- Born: 1 February 1947 (age 79)
- Education: Aquinas College, Perth
- Occupations: Farmer; businessman

= Trevor Flugge =

Australian farmer and businessman

Trevor James Flugge (/ˌfluːgi/ FLOO-ghee; born 1 February 1947) is an Australian farmer and businessman. He is best known as a former official of the Australian Wheat Board (AWB). He joined the board in 1984, was chair of AWB in 1995–2002, and was present at meetings in Iraq which were linked to the Oil-for-Food scandal, and an inquiry by the United Nations.

==Background==
Flugge was educated at Aquinas College, Perth, and became a farmer in the Katanning area.

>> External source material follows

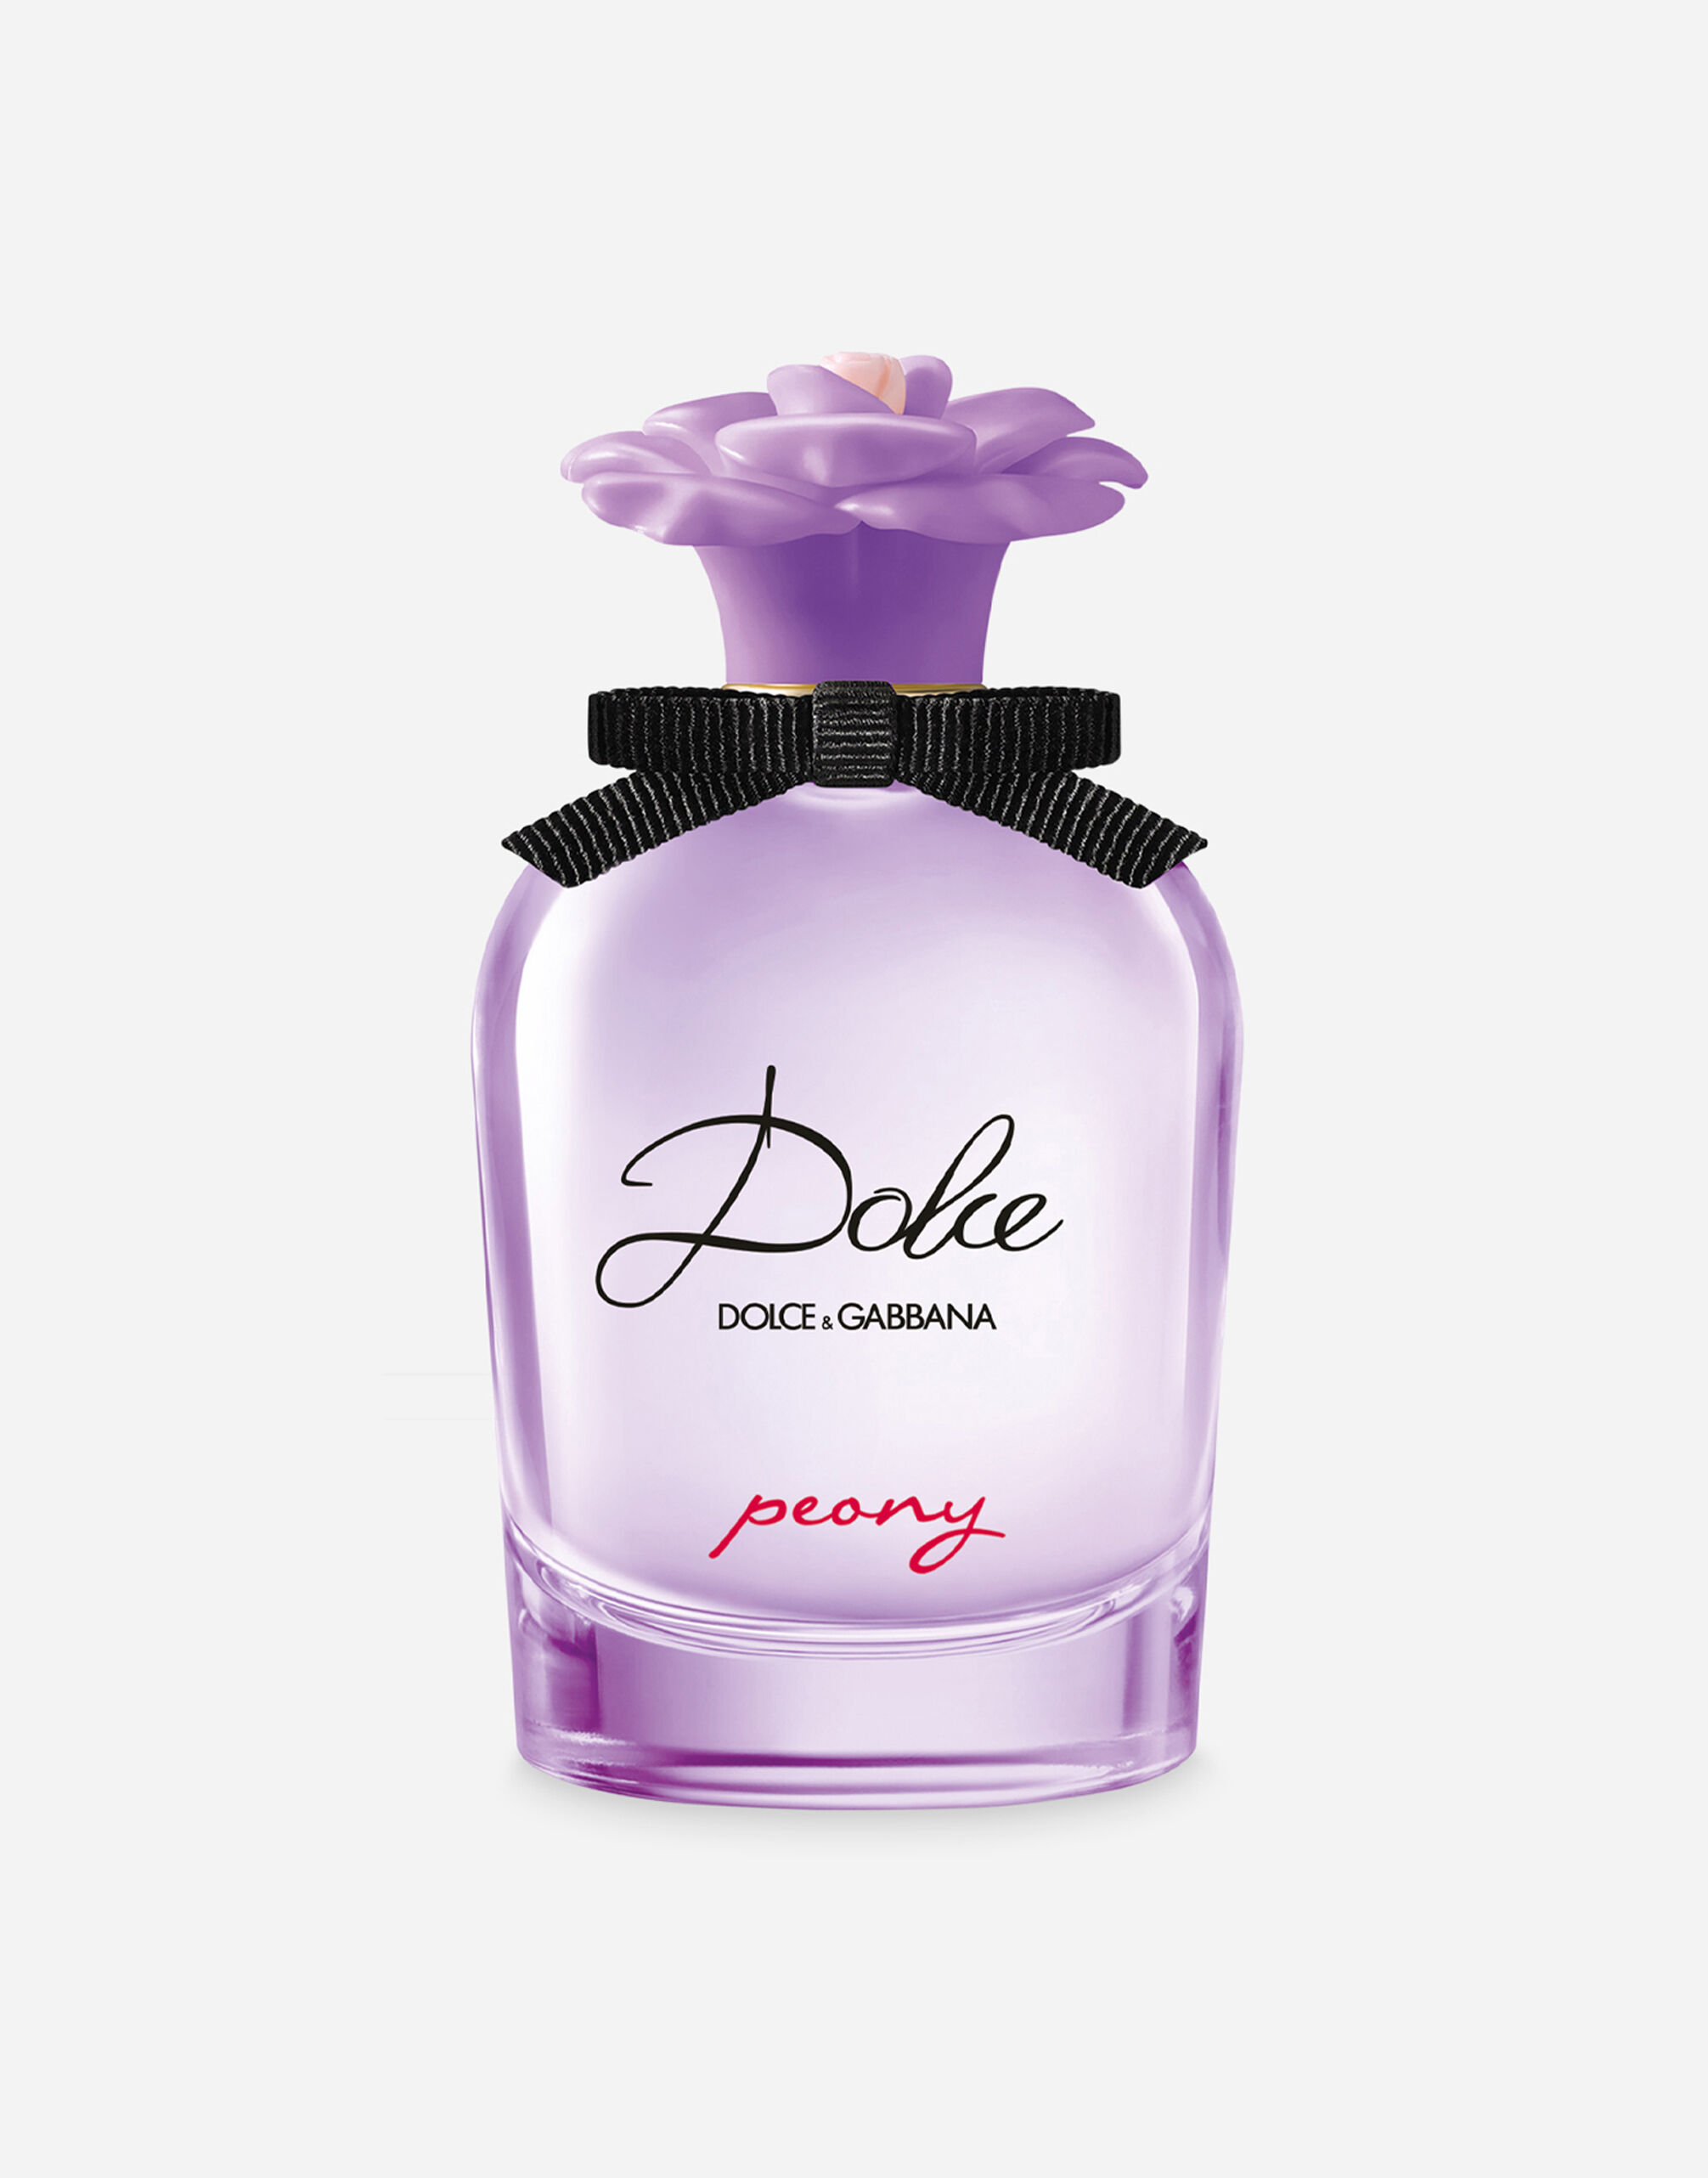 Dolce & Gabbana Dolce Peony Eau de Parfum - VP000WVP000

In 1987, he was an unsuccessful National Party candidate for the seat of O'Connor (against Wilson Tuckey) in the Australian election that year.

Flugge has also served as chair of the Australian Wheat Growers Association, and as a board member of the major diversified company Wesfarmers.

==Oil-for-Food scandal and the Cole Inquiry==
Trevor Flugge was chair of AWB until March 2002, when he was voted off the board by the A-class shareholders (wheat growers). He was appointed a consultant to AWB after the vote and travelled to Baghdad later that same year, with AWB chairman Andrew Lindberg, to rescue an AWB wheat export deal with Saddam Hussein's regime.

There were later accusations that AWB had paid bribes to secure the export contract. AWB officials agreed to pay $2 million to the Iraqi regime, which would then allow wheat exports to resume. This payment was made by inflating the price of wheat contracts administered by the United Nations Oil-for-Food Programme.

Following the 2003 invasion and overthrow of the Hussein regime, Flugge was made a senior adviser to the Iraqi agriculture department.

After the bribery became public in 2005, Flugge denied to the UN's Volker inquiry that he knew about AWB's payments to the Hussein regime. Flugge was also called before an Australian government investigation in 2005, the Cole inquiry. When giving evidence to the latter inquiry, Flugge frequently claimed to have no knowledge of matters discussed at meetings he attended, due to hearing loss.